RUTENI (XXX, p. 350)
La seconda Guerra mondiale e il primo dopoguerra hanno messo a dura prova la chiesa cattolica di rito ruteno (uniata) che nelle tre diocesi di Leopoli, di Stanisławów e di Przemysł, oltre all'amministrazione apostolica di Sanok - tutte sotto la giurisdizione del metropolita di Halicz-Leopoli - svolgeva la sua attivitމ sui territorî orientali della Polonia e nelle diocesi di Mukaciv (Mucačevo) e Priasciv nella Russia subcarpatica.
La chiesa rutena contava allora 3.576.237 cattolici ruteni e 2275 sacerdoti secolari e regolari (fra questi ultimi, fiorenti erano gli ordini religiosi dei Basiliani, degli Studiti che intendono rinnovare l'antico ideale monastico orientale, dei Redentoristi, delle Mirofore, delle suore di S. Giosafat, ecc.), e, in tutto il mondo, 5.140.000 fedeli, compresi cioè quelli delle diocesi del Canada e degli Stati Uniti. Essa doveva la sua origine all'atto di unione più importante e duraturo intervenuto fra la Sede apostolica e i cristiani orientali, quello del 23 dicembre 1595 quando i due vescovi ruteni Cirillo Terletskij e Ipazio Potij riconoscevano solennemente, nell'aula di Costantino in Vaticano, Clemente VIII come capo supremo della Chiesa. L'unione con Roma - confermata nel sinodo di Brest Litovsk dell'8 ottobre 1596, tanto che essa va appunto sotto il nome di Unione di Brest Litovsk - segnò la fine di un lungo periodo di crisi religiosa e morale ed ebbe poi un'importanza decisiva per il chiarimento e lo sviluppo di una coscienza nazionale ucraina. Nel resistere ai tentativi di forzata adesione all'ortodossia moscovita svolti dai Russi, come a quelli di latinizzazione spiegati dai Polacchi (che hanno sentito il rito latino come indice di nazionalità polacca), la Chiesa rutena unita, insieme con quella autocefala dissidente, è stata sempre un elemento di individuazione nazionale degli Ucraini sino ai nostri giorni.
Come già al tempo degli zar, contro di essa si è rivolta in questi ultimi anni l'azione delle autorità sovietiche, sia nel periodo fra il 15 settembre 1939 e il giugno 1941, sia, in modo ben più draconiano, dopo l'annessione dell'Ucraina occidentale alla repubblica sovietica socialista ucraina. Dopo la morte del metropolita di Leopoli Andrea Szeptycki (11 novembre 1944), vero capo spirituale di tutti i ruteni da oltre 40 anni, Alessio patriarca di Mosca e di tutte le Russie poco dopo la sua elezione (1° febbraio 1945) si affrettava ad esortare, in un suo proclama, gli orientali cattolici a riconoscere l'autorità del patriarcato di Mosca, in modo che alla conseguita unificazione politica di tutti gli Ucraini corrispondesse anche l'unità religiosa. Poco dopo, l'11 aprile 1945, furono arrestati tutti i vescovi: dal metropolita di Leopoli, G. Slipyj, al vescovo di Stanisławów Gr. Chomyscyn, a mons. Romza, vescovo di Mukačevo. Lo stesso mons. Kozylovskyj, titolare di Przemysł e rimasto in territorio polacco, fu imprigionato dalle autoritމ di Varsavia e il 25 giugno 1946 trasferito in Russia per scambio di popolazioni. Il 1° luglio 1945, 300 sacerdoti ruteni firmarono una protesta indirizzata a Molotov, ma le espressioni di lealismo verso l'Unione sovietica non impedirono imprigionamenti e deportazioni.
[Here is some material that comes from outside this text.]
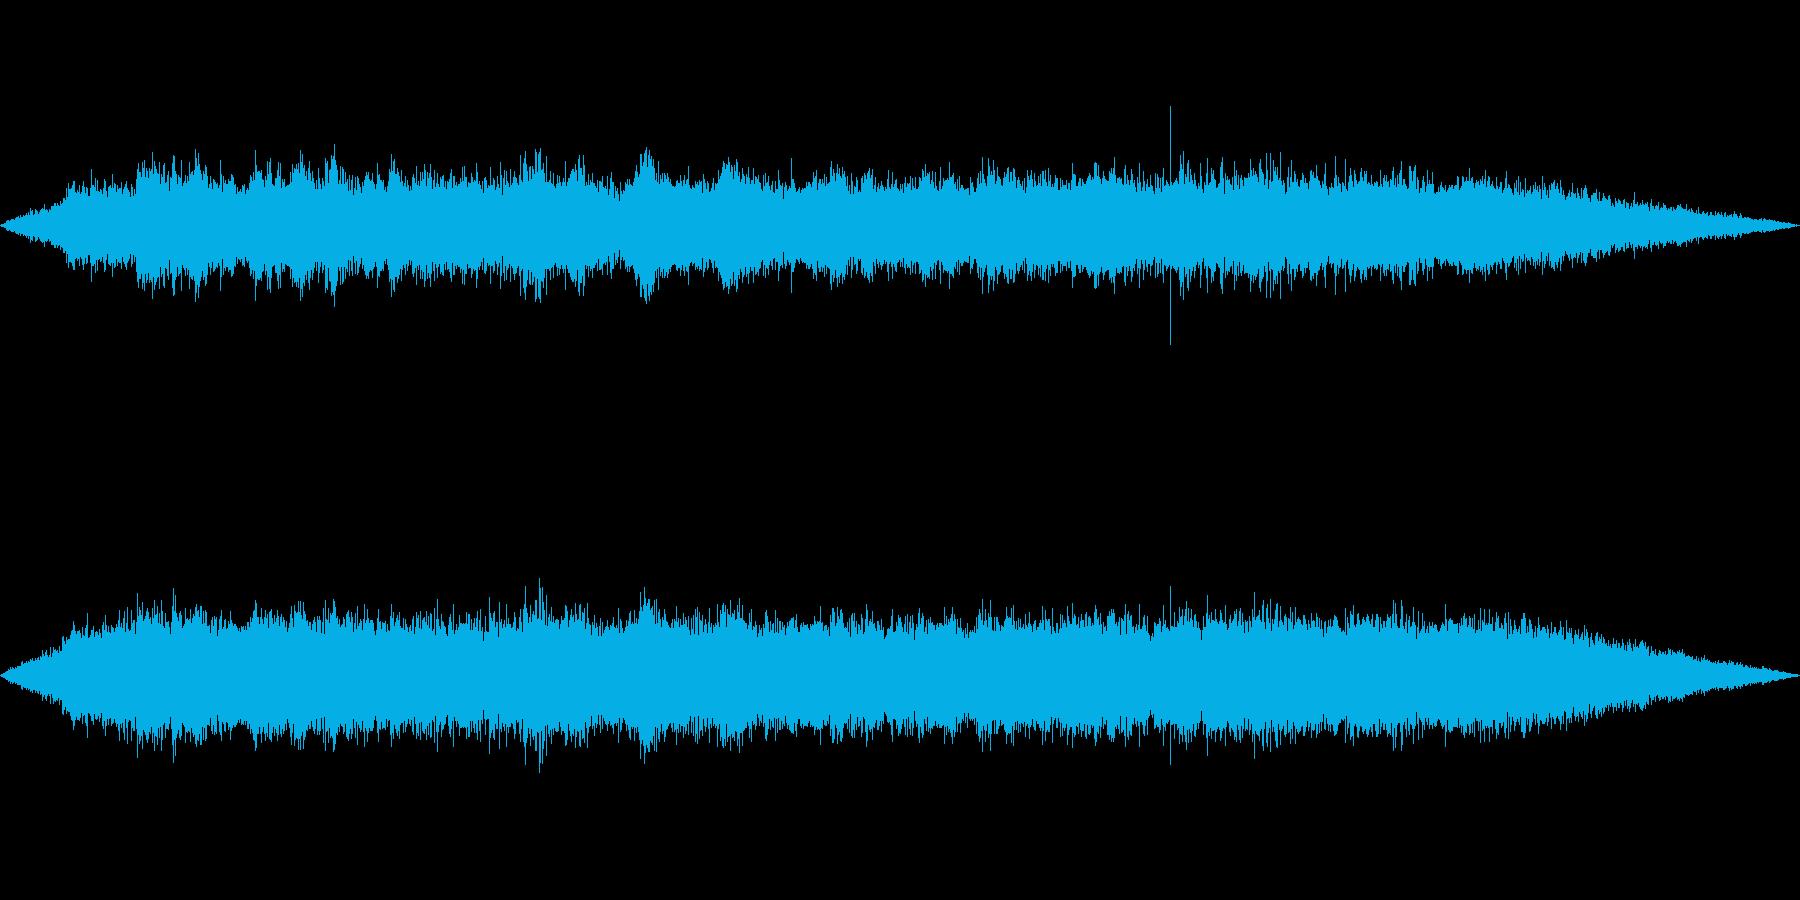 海 波 浜辺 海岸 カモメの環境音 16の再生済みの波形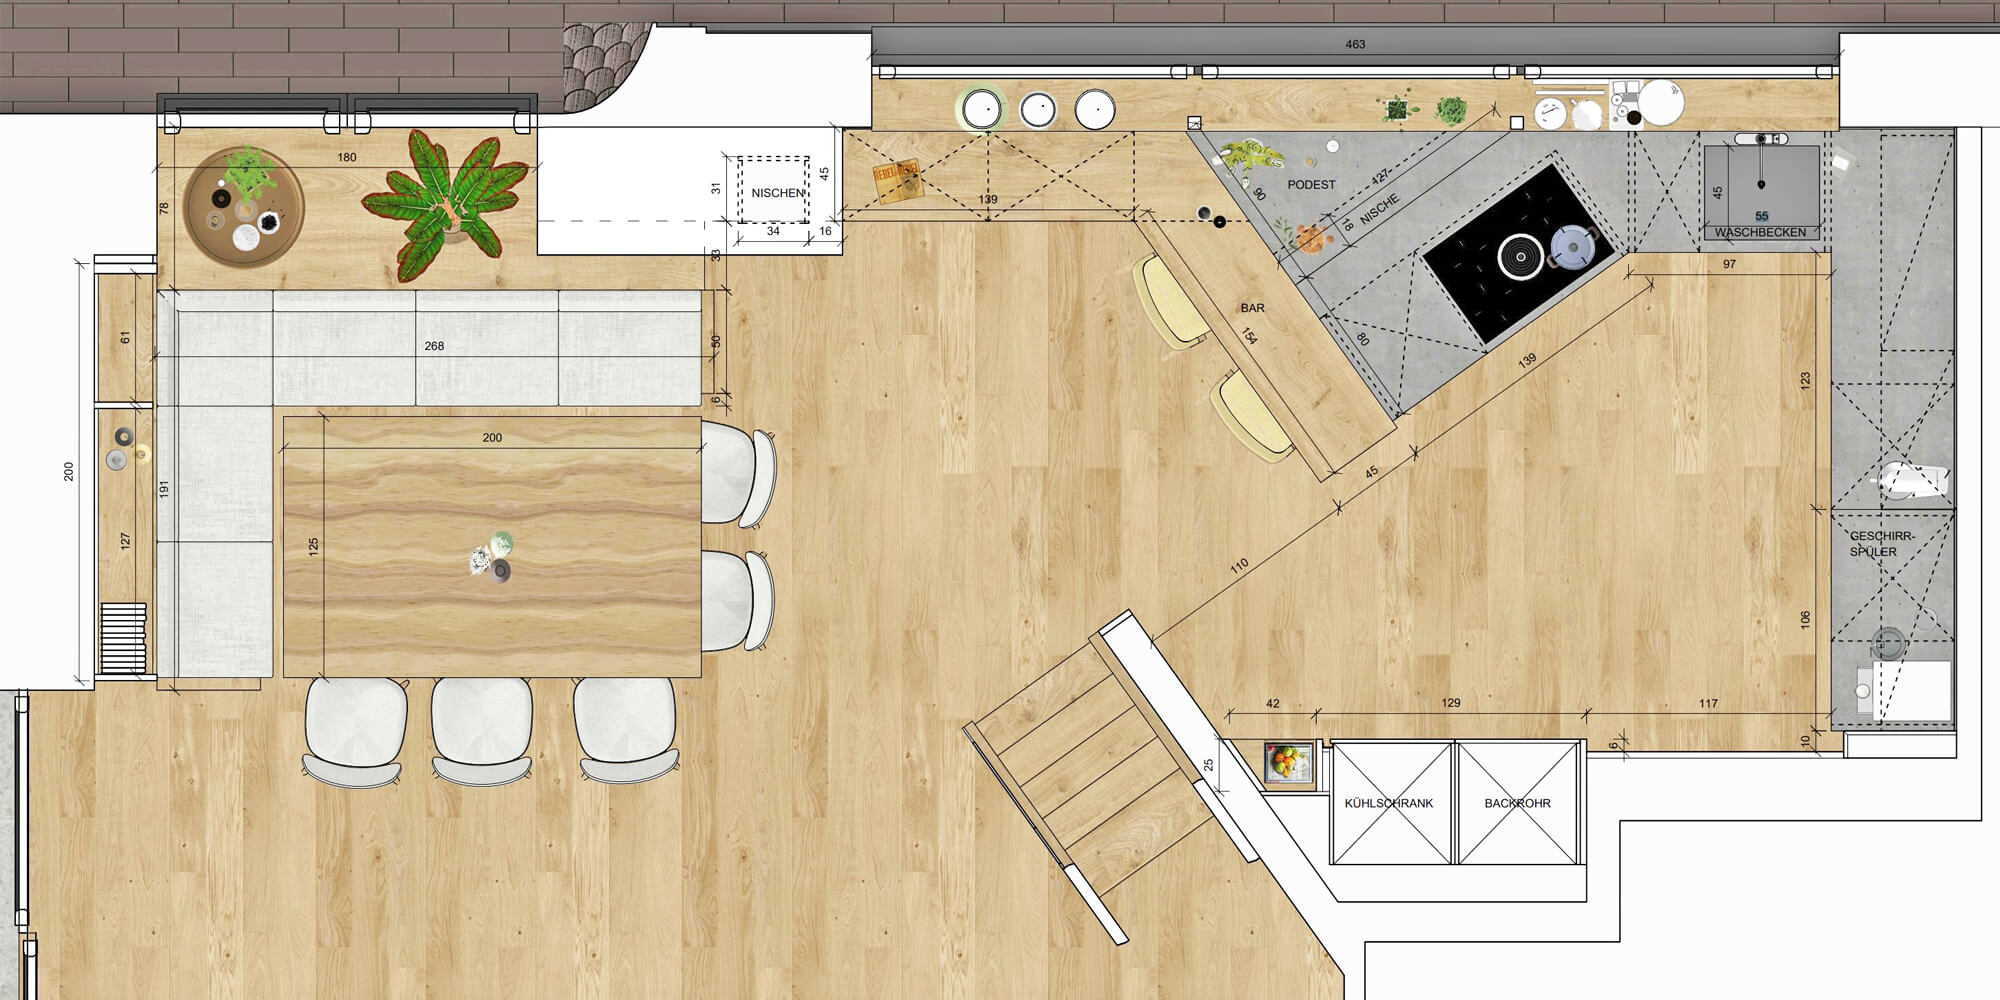 Cre-Plan-Design-Architektur-Innenarchitektur-Design-Projekt-Referenz-Innenarchitektur-Möbeldesign-Küche-01

Nei giorni 8-9 marzo 1946 un "Sinodo della Chiesa rutena", di cui erano fautori i vescovi G. Melnik e A. Pelvetskyi (consacrati in febbraio dal metropolita dissidente di Kiev) e il prete G. Kostelnik, proclamò ufficialmente decaduta l'unione con Roma e l'adesione della chiesa rutena (privata dei suoi capi legittimi) al patriarcato di Mosca. Fin dal 23 dicembre 1945 il Pontefice Pio XII aveva pubblicato l'enciclica Orientales Omnes che, nel prendere lo spunto dal 350° anniversario dell'unione dei Ruteni con Roma, ricordava le benemerenze della Chiesa rutena ed esortava i suoi fedeli a sopportare "con fortezza e costanza questa persecuzione".